The sun is at its highest now, and the day is growing overripe. There is a glare about that draws the water from her eyes, and powerful smells are rising off the coats of horses and gentlemen, and – though one should never say so – off the coats of ladies too. Mr Warner is wheezing especially hard, and there is a dampness on Mercy’s neck. Anne feels as if her own blood-heat is trying to rise out through her skin to join the heat outside. But they have come to a stop finally, the stag they have pursued for five hours is harboured in a thicket, and they are all gathered outside, waiting for the huntsman to drive him out.
Waiters have jumped down from their wagons and are moving among the riders with refreshments. Mr Warner hands Anne a mug of small beer; she drains it with what Mary, or Lady Frances, would say was unseemly haste.
‘The stag is tired, Your Highness,’ the equerry says, as he takes the mug back. ‘I think we are nearly at the end.’
Anne nods slowly. ‘Yes,’ she says. ‘Besides, he’s old. He’ll not stand long before the hounds.’

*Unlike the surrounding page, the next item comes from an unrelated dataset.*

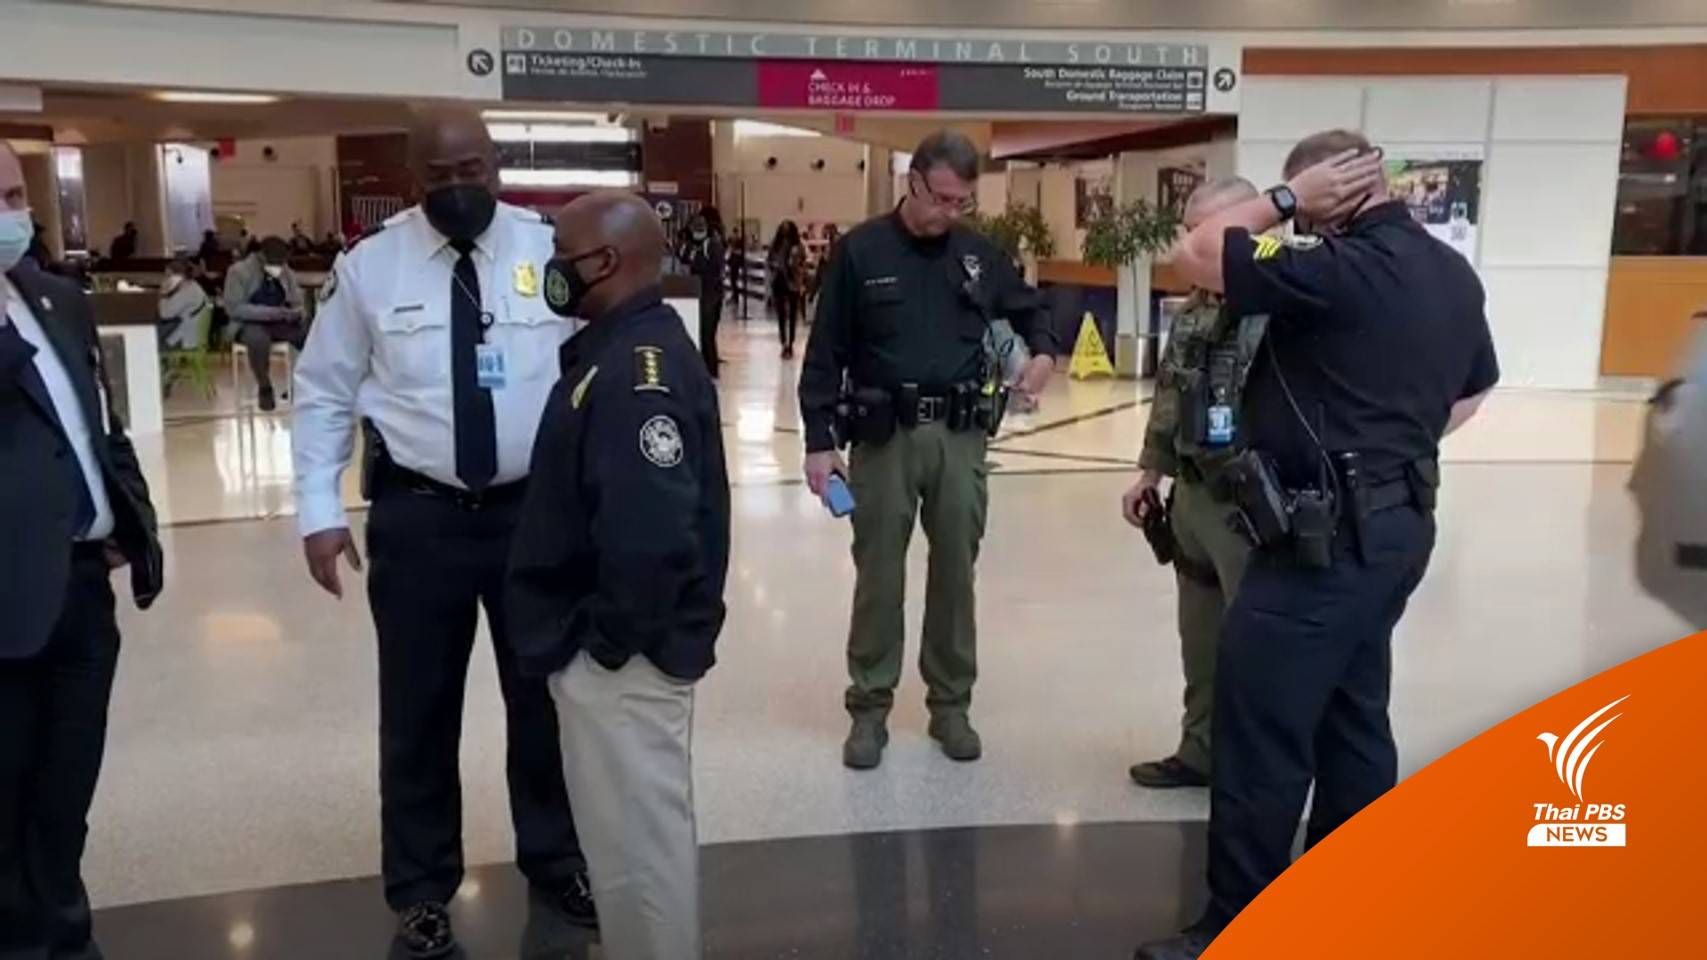 ตำรวจสหรัฐฯ เร่งติดตามเจ้าของปืนลั่นในสนามบิน เจ็บ 3 คน

She expects Warner to say at this point that her knowledge puts him to shame, and he does. Then she nudges Mercy forward a little, so as to be nearer to her father, and have a better sight of his dogs.
They have had a hard day of it. The
stag’s great age has been evident not only in his girth and magnificent crown, but also in his cunning: he has in the course of this one morning’s hunting run straight into the middle of three different herds, and on two of those occasions confounded the hounds completely, so that it has taken some time for them to pick up his scent again; too many times to count he has doubled back over his tracks and then back again; once he had even headed straight for the river and it had seemed for a moment that he was about to take soil, but at the last moment, in a move the hunt had come to recognise as his signature, he had doubled back again.
Now they have tracked their quarry to the entry in this thicket, and the scent is strong. They have run up to the entry, and pulled back again, bawling: they believe that the stag is there. The sound of a pack in full cry, each animal barking as if tuned to a different note, all the notes moving with and across and after each other in agitated counterpoint, is Anne’s favourite sound, and it charms her further and further forward, until she is close enough to discern each broken bough at the entry, close enough to see the huntsman stop to check the footprints, to make sure that the hounds are baying for the right beast, close enough—
‘Anne – get back this instant! Warner! What are you about, man?’
It is the Duke’s voice, half-fear, half-rage, and louder even than the hounds. She pulls back at once, and goes to beg her father’s pardon, but he has not quite finished being angry yet.
‘What did you think you were doing, girl? Have I not taught you better? Do you have a sword now, do you? Do you?’
Anne opens her mouth and shuts it again.
‘Well, do you have a sword? A stick? Anything? Are you armed?’